Ian Giles: That’s a very interesting question Clio. This is an area of case law which the competition authorities have shied away from for a long time, because I think in part of the challenge in establishing what’s exactly an excessive price is. So when a price is high and a company that has market power will be able to impose higher prices, at what point does that become excessive? What is the legal test for establishing excessive pricing?
So this case is high profile because it involves the National Health Service as a victim and because it has started a trend which has seen a number of other cases taken up by the CMA, which are still in process and now need to be reflected on in the context of this judgement, and because it’s a trend which has been picked up by authorities in other countries. So we’ve seen excessive pricing cases now started in South Africa, the Australians have shown an interest, in the US as well as a number of other European countries. So this is an area which is a hot topic in competition law and where this judgement will be looked at very closely.
Clio Angeli: Now that the CAT has actually decided to set aside the findings of the CMA as far as the CMA found that there was an abuse – do you think that confirms the fact that competition authorities should stay clear from acting as pricing regulators?
Ian Giles: Again I think that’s a very interesting question. So in this case, the price, what you had under the UK regime was a drug phenytoin capsules which came out of price regulation and then were subject to market forces and so Pfizer had to decide the price to set for these capsules in the market and they looked at available other comparators and they decided to set the price about 25 per cent lower than the phenytoin tablets which were already available in the market.
Now the CMA said – well this involved a very significant price increase, 2,000 per cent over the regulated price and therefore this is a competition concern and they looked at the test for excessive pricing which involves establishing first of all that the price is excessive and second of all, that its either unfair or that it is unfair when compared to competing products. And where this CAT decision is interesting is that they accept that the CMA established dominance, so they accept that there was a market for phenytoin capsules in which Pfizer was dominant. They accept that there was the possibility of excessive pricing. But they criticise the approach that the CMA took in establishing excessive pricing. So they say – it’s not enough for you to follow what they’ve called the cost plus methodology. So the CMA sought to establish the costs of producing these drugs and to establish what a reasonable return would be above those costs and then compare that with the price that was charged and in this case they said – well it’s so far above cost plus that it’s excessive. The CAT has said, no CMA. If evidence is put forward showing that there are benchmarks in the market, although you’re trying to just look at the unfair in itself element of the test, if benchmarks are put forward you need to deal with those. So actually there’s an interesting parallel with some other case law that we’ve seen come out of the European Court of Justice for example in Intel, where they said you have to look at evidence that had been given to you.

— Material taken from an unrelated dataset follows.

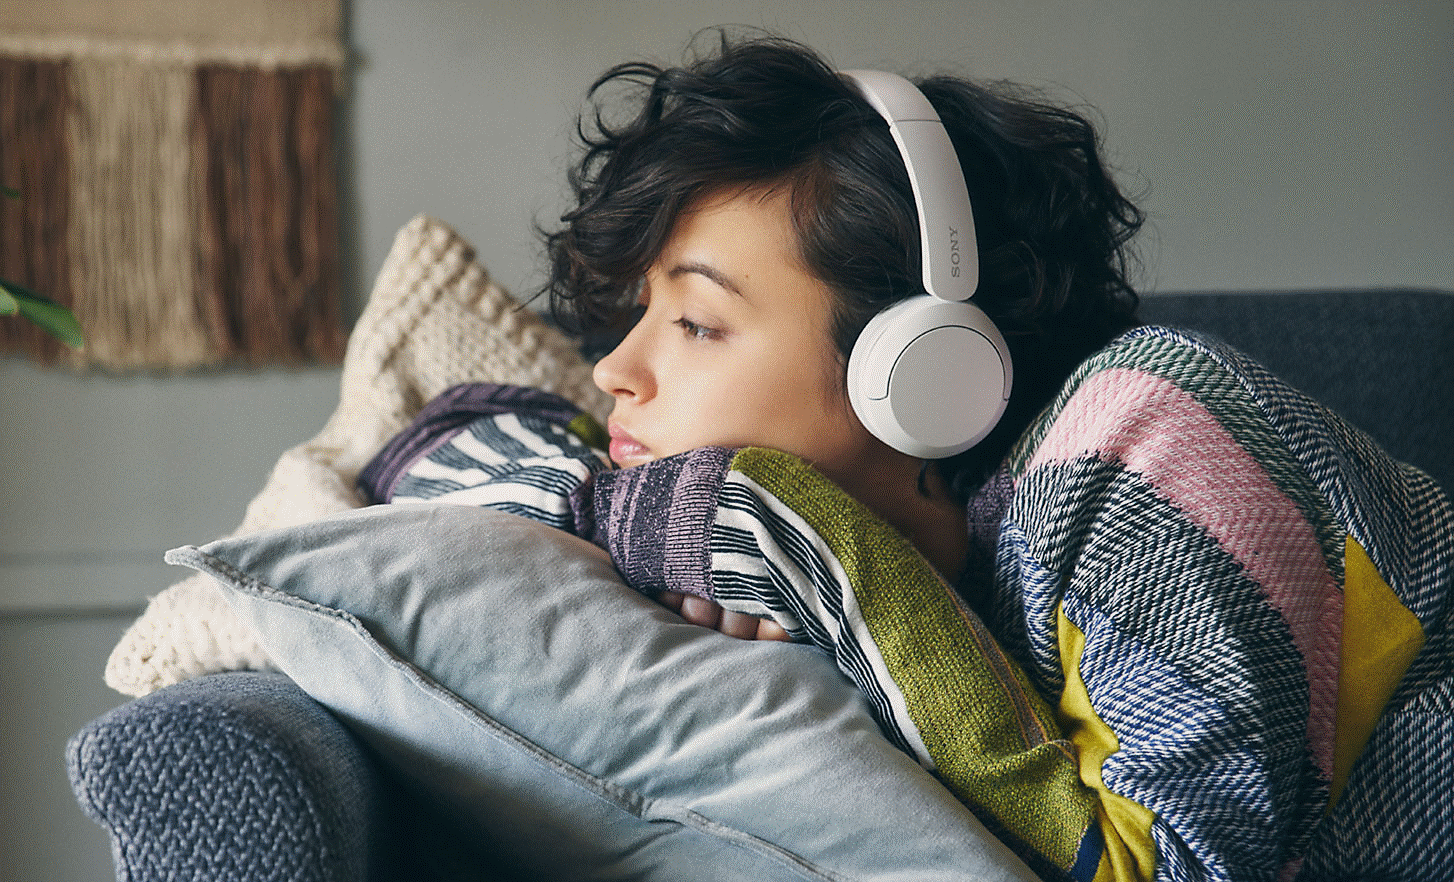 Bild einer Frau, die auf einem grauen Sofa liegt und weiße WH-CH520 Kopfhörer von Sony trägt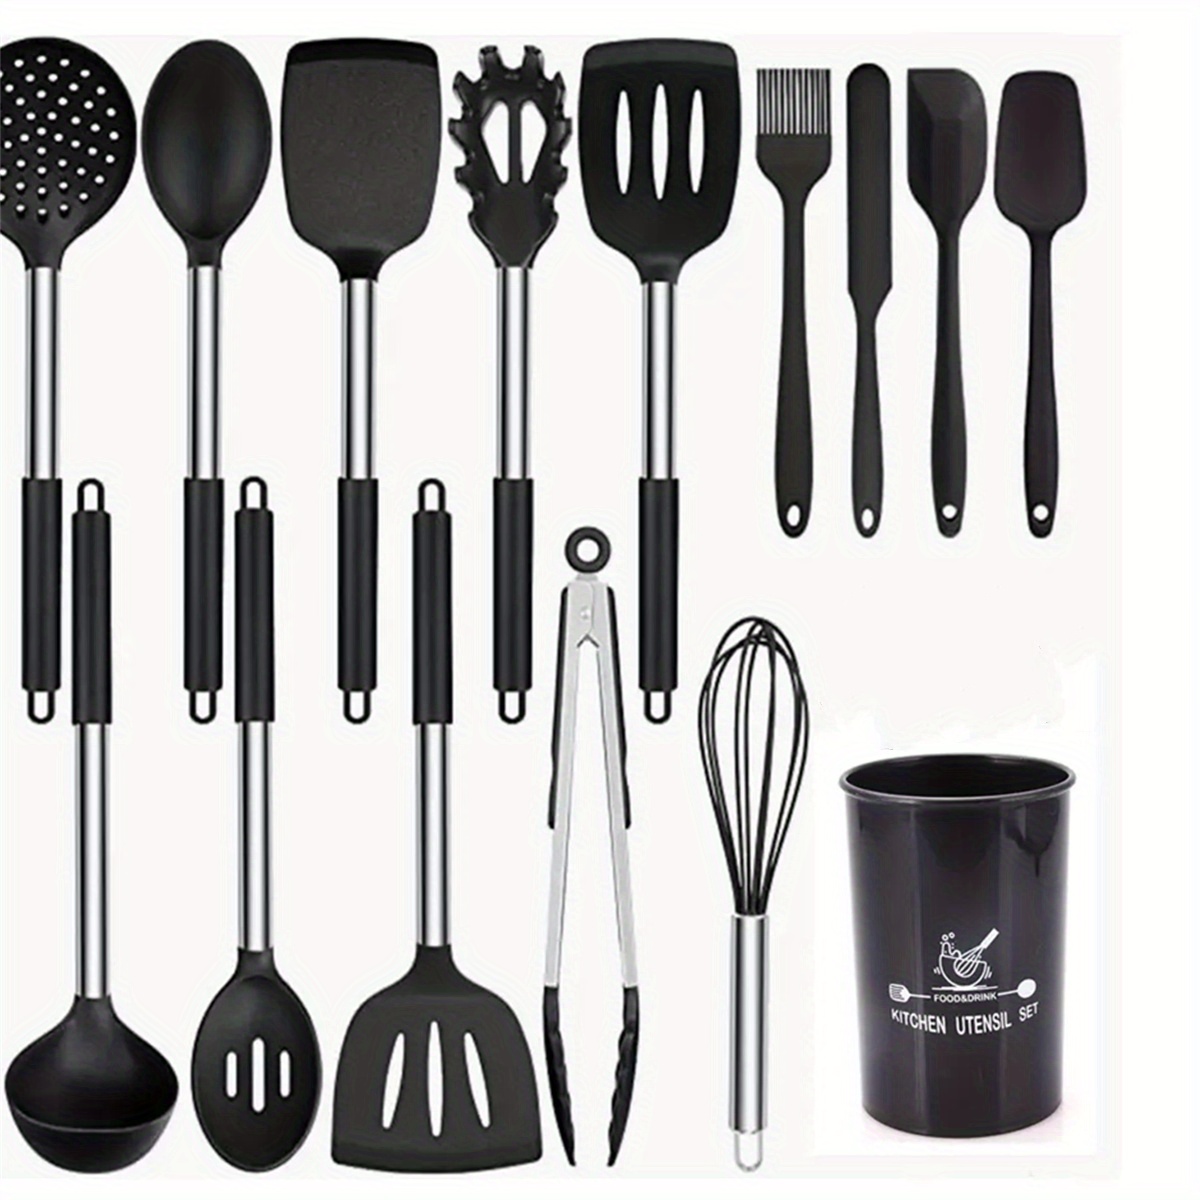 Slotted Spoon, Ladle, Spoon, Spatula & Pasta Server Utensil Set

So in this case the benchmark of the tablets which were 25 per cent more expensive than the capsules were seem to be something the CMA did not address in sufficient detail. So the suggestion is it will go back to the CMA to look at again and the question then is whether they are still able to make out the case, bearing in mind these benchmarks.
Clio Angeli: The CAT is actually grounding its judgement in the presumption of innocence of the parties saying to the CMA – if you want to show there is an infringement you need to do a lot more work, otherwise you are infringing the presumption of innocence of Pfizer and Flynn in that case. Do you think that signalling the CMA that they need to put much more resources and thought in those cases will have an impact on their enforcement priorities going ahead?
Ian Giles: It’s going to be something that the CMA and other authorities around the world will now reflect on because it’s become clear that if companies are able to put forward arguments that there are benchmarks that need to be considered then there’s also the Latvian Collecting Society’s case which is new law in this area, then it’s more of a burden on the authority to establish excessive pricing, there isn’t an easy way through and so in that context the CMA and other agencies will have to reflect on whether these cases are the priority that they perhaps thought they might be.
Clio Angeli: Thank you very much Ian, that was very interesting and we will discuss this in even more detail with Richard Wish in our next let’s talk antitrust video series.